The issue of copyright infringement and royalty payments needs to be addressed in order to protect the rights of the original creators. Technology is being used to revolutionize the entertainment industry, from AI-generated songs to video created from text. Companies must navigate the potential for misuse with the potential for creativity, and the industry may be completely changed by 2024 with the rise of AI-generated video
AI is a creativity enabler. People with diverse skills and experiences can use AI to help them create content.
1. A Glimpse into the Future: AI-Generated Campaign Ads and the Challenges of Misinformation
In a startling demonstration of the power and potential of artificial intelligence (AI), an entire campaign advertisement for the 2024 US presidential election, endorsed by the GOP Party, was created using AI-generated photos, music, and editing. While technologically impressive, this remarkable feat raises alarm bells regarding the potential for AI-driven misinformation and the pressing need for regulatory intervention.

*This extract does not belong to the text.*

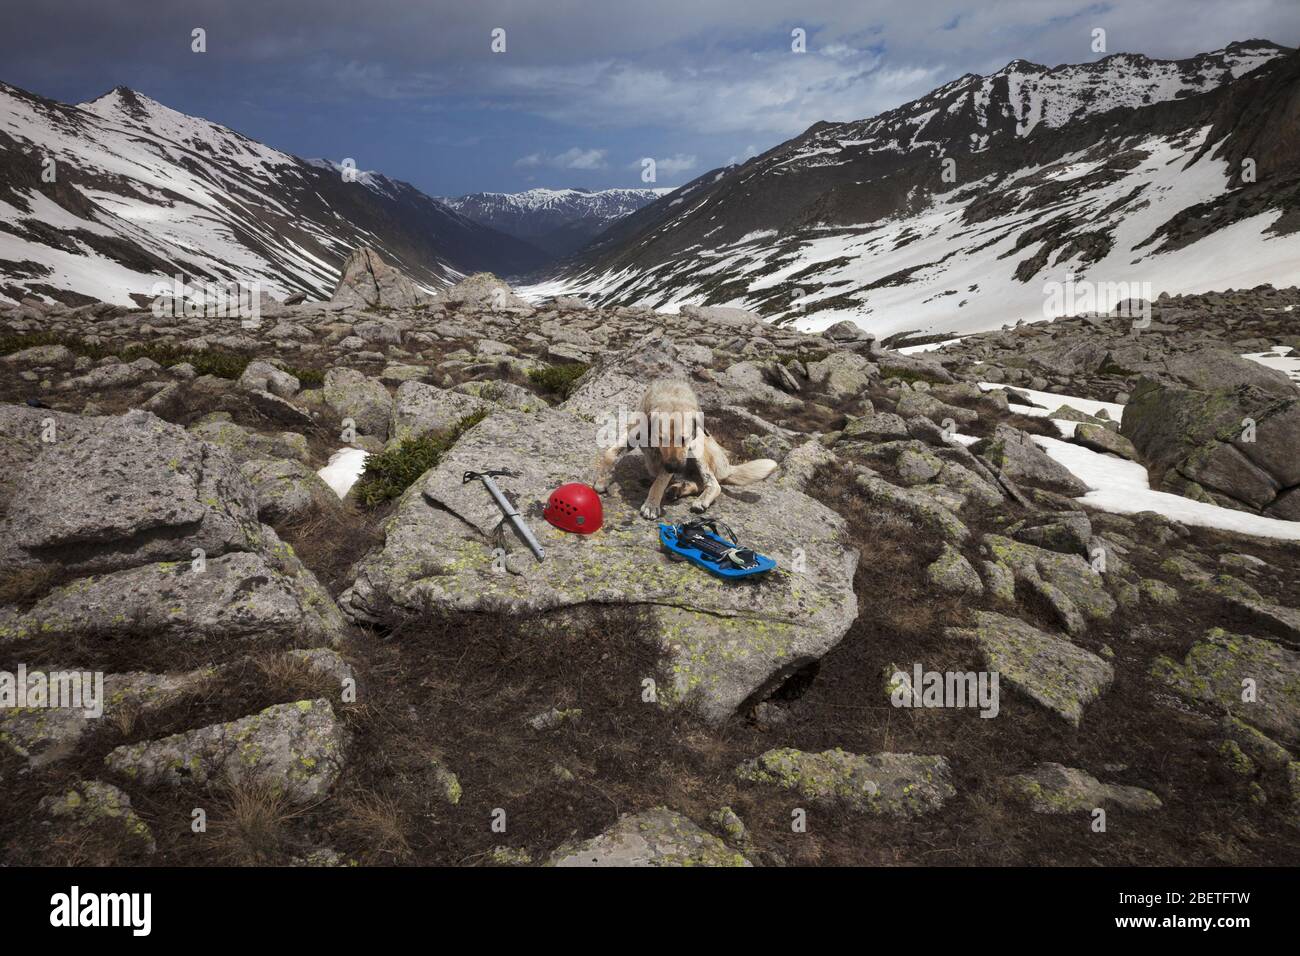 Chien sur une grosse pierre avec équipement de randonnée: Raquettes bleues, casque d'escalade rouge et hache à glace. Montagnes enneigées et ciel bleu avec nuages. Turquie, Kachkar Banque D'Images

The advertisement, which was indistinguishable from a traditional, human-led campaign piece, showcased the capabilities of AI and its ability to create realistic, engaging content. By employing AI-generated images, the GOP was able to create a fear-ladened false future that will occur if the current US president is re-elected. Moreover, the entire editing process, voices, images, and sound effects were all AI-generated (they missed our issue last week on the telltale signs that an image is AI generated).
At the same time, the use of AI-generated music showcased the revolutionary algorithmic compositions that are now possible. The audio component of the campaign ad was both contextually appropriate and emotionally evocative, indicating that the AI algorithm was able to effectively match the tone and theme of the ad.
Yet, while marveling at the remarkable advancements in AI capabilities, it is crucial to recognize the potential challenges and dangers this technology brings.
The most pressing concern is the potential for AI-driven misinformation. The ease at which realistic content can now be produced means that malicious actors can create convincing and manipulative propaganda. Furthermore, AI-generated deepfakes, which have been causing concern in recent years, are becoming increasingly difficult to detect. The marriage of AI-generated visuals and audio components could lead to the creation of counterfeit content, portraying politicians or public figures saying or doing things they never actually did, thus damaging their reputations and potentially influencing public opinion.
To combat this threat, there is a growing need for regulation and ethical guidelines in the field of AI-generated content. Policymakers, technologists, and ethicists must work together to create solutions that prevent the spread of AI-generated misinformation. This may include implementing security measures that verify the origin of digital content like with blockchain technology and establishing penalties for bad actors who exploit AI technology. Additionally, promoting media literacy and educating the public about the dangers of AI-generated content will help bolster the public's ability to discern real information from manipulated content.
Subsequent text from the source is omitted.